▶ RECORD EXCERPTS:
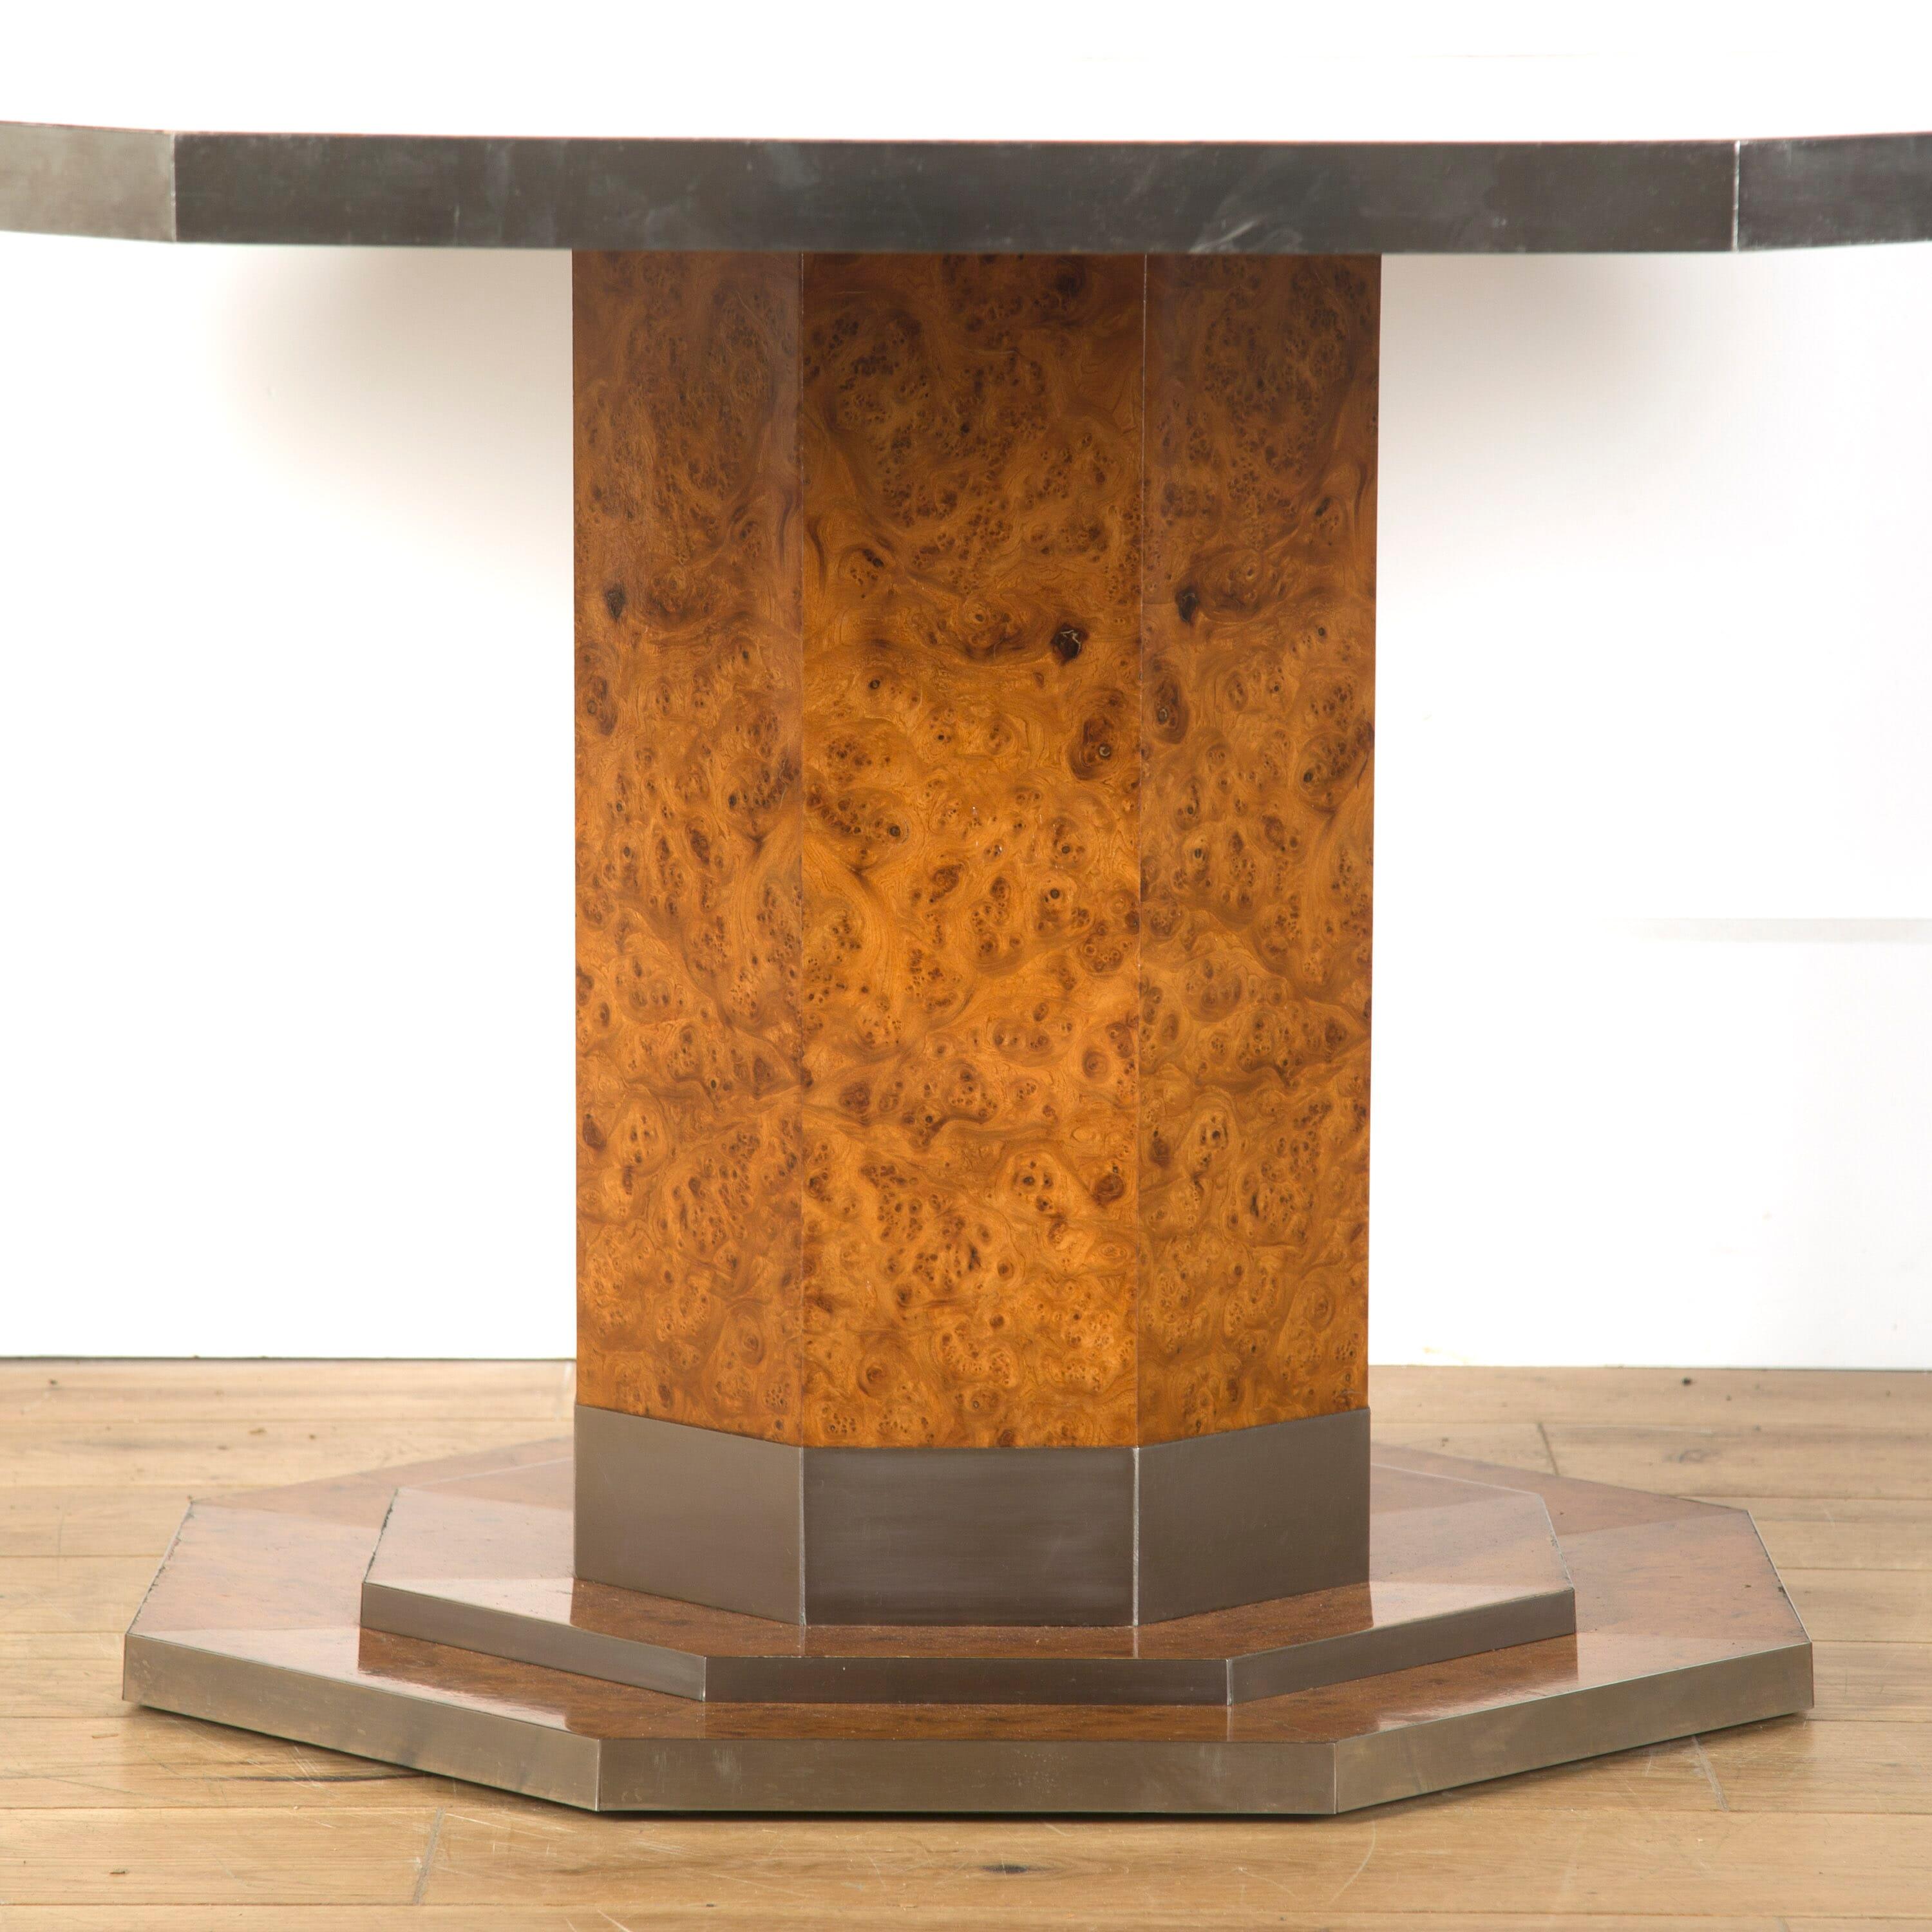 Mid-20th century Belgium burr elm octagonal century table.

* * *

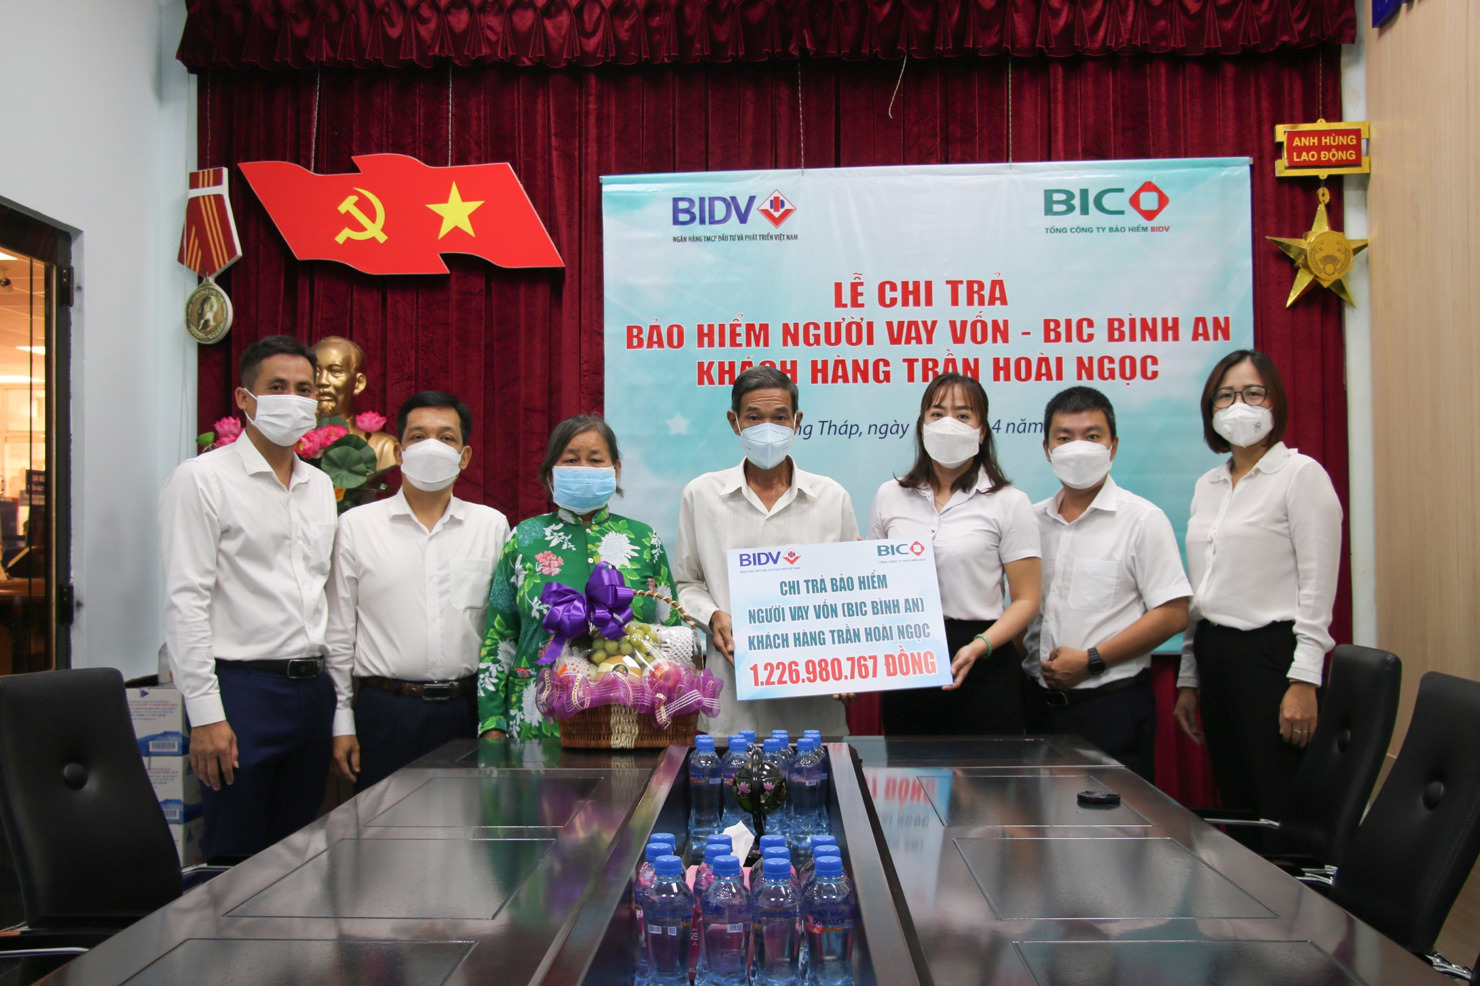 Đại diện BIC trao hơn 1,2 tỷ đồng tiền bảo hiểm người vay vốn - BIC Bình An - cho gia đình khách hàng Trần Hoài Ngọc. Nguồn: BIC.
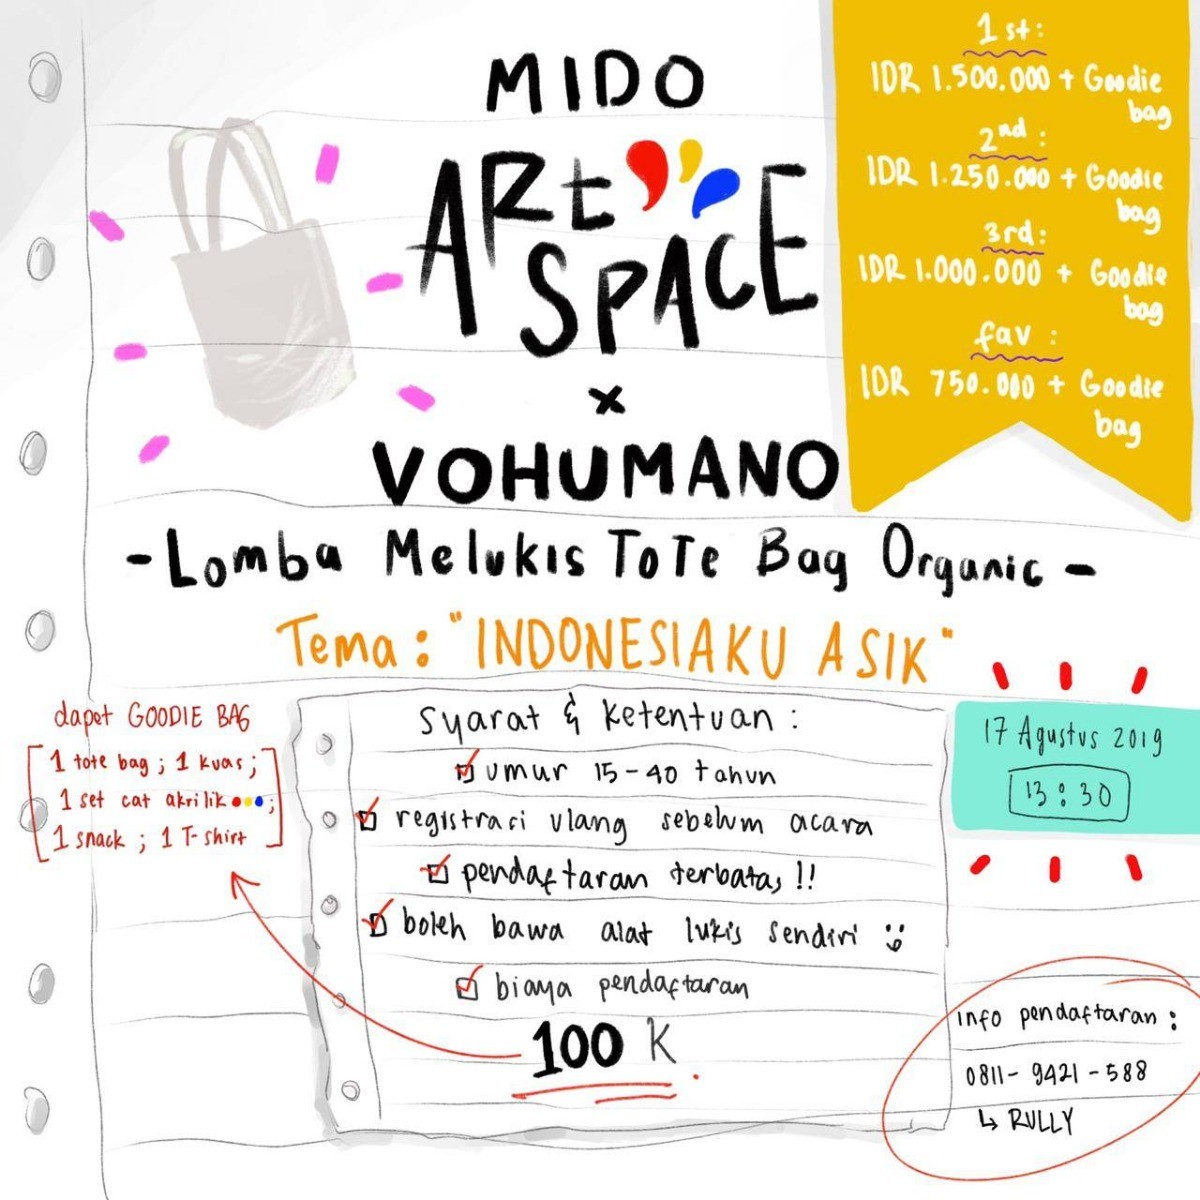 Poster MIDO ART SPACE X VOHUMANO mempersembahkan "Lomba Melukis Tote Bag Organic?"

▶ WHAT YOU NEED TO DO: Look back over the records above. Reproduce exactly everything from the line with "Đại diện BIC" down to the line with "Poster MIDO ART", inclusive, and leave the pictures out.

▶ OUTPUT OF THE EXERCISE:
 Đại diện BIC trao hơn 1,2 tỷ đồng tiền bảo hiểm người vay vốn - BIC Bình An - cho gia đình khách hàng Trần Hoài Ngọc. Nguồn: BIC.
 Poster MIDO ART SPACE X VOHUMANO mempersembahkan "Lomba Melukis Tote Bag Organic?"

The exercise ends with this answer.